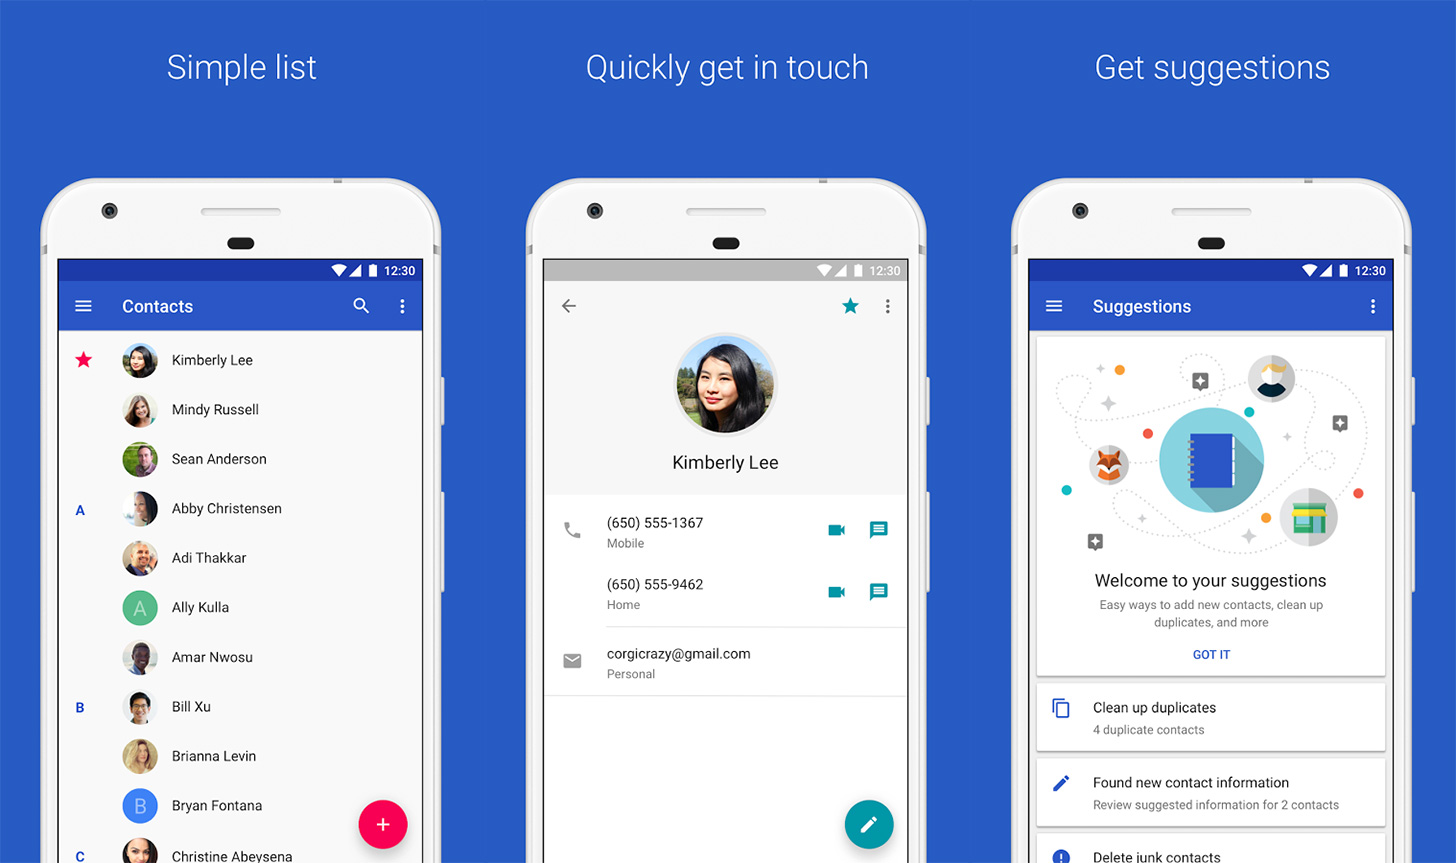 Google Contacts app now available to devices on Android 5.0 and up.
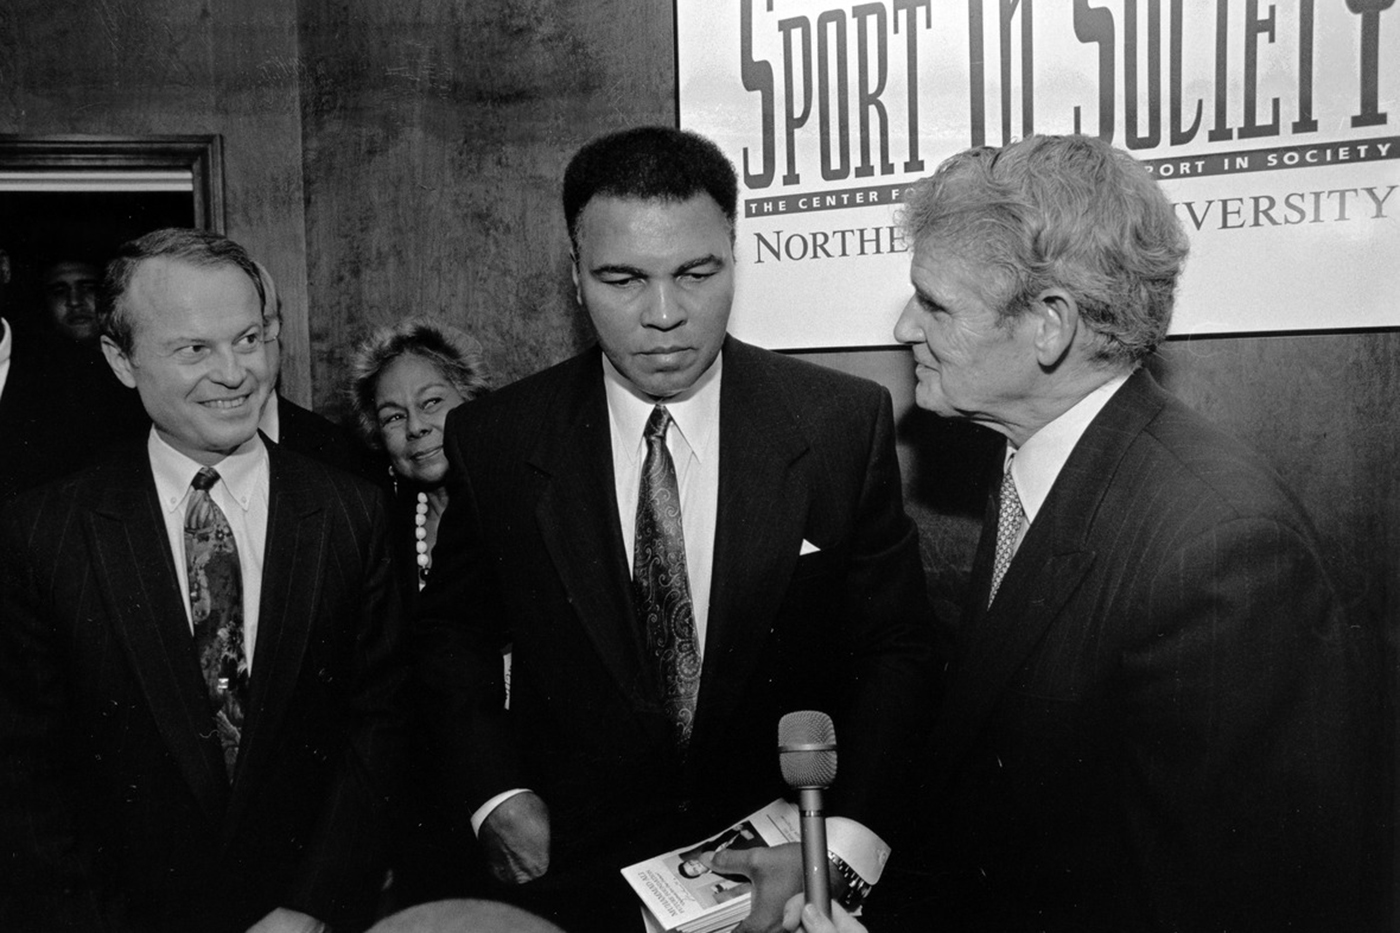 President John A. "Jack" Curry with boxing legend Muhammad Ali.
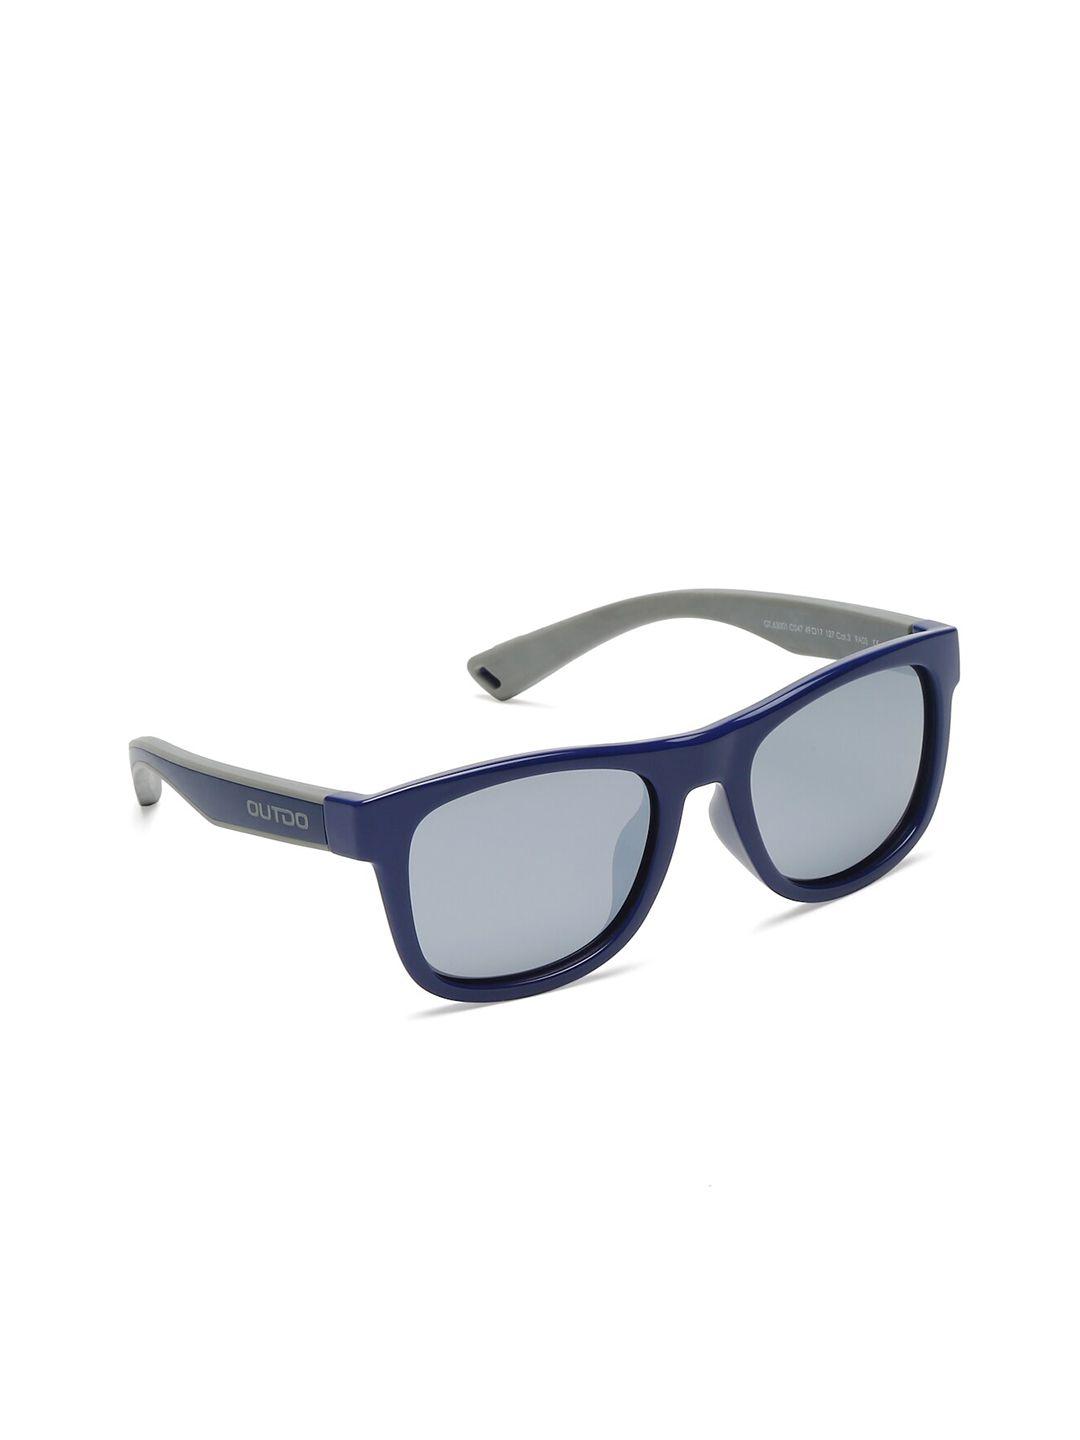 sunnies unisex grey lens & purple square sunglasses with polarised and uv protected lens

════════

_Work request:_ Exactly the lines from the one that contains "President John A." to the last line of the data, both included, should be set down, and no pictures should appear among them.

_Response area:_
 President John A. "Jack" Curry with boxing legend Muhammad Ali.
 sunnies unisex grey lens & purple square sunglasses with polarised and uv protected lens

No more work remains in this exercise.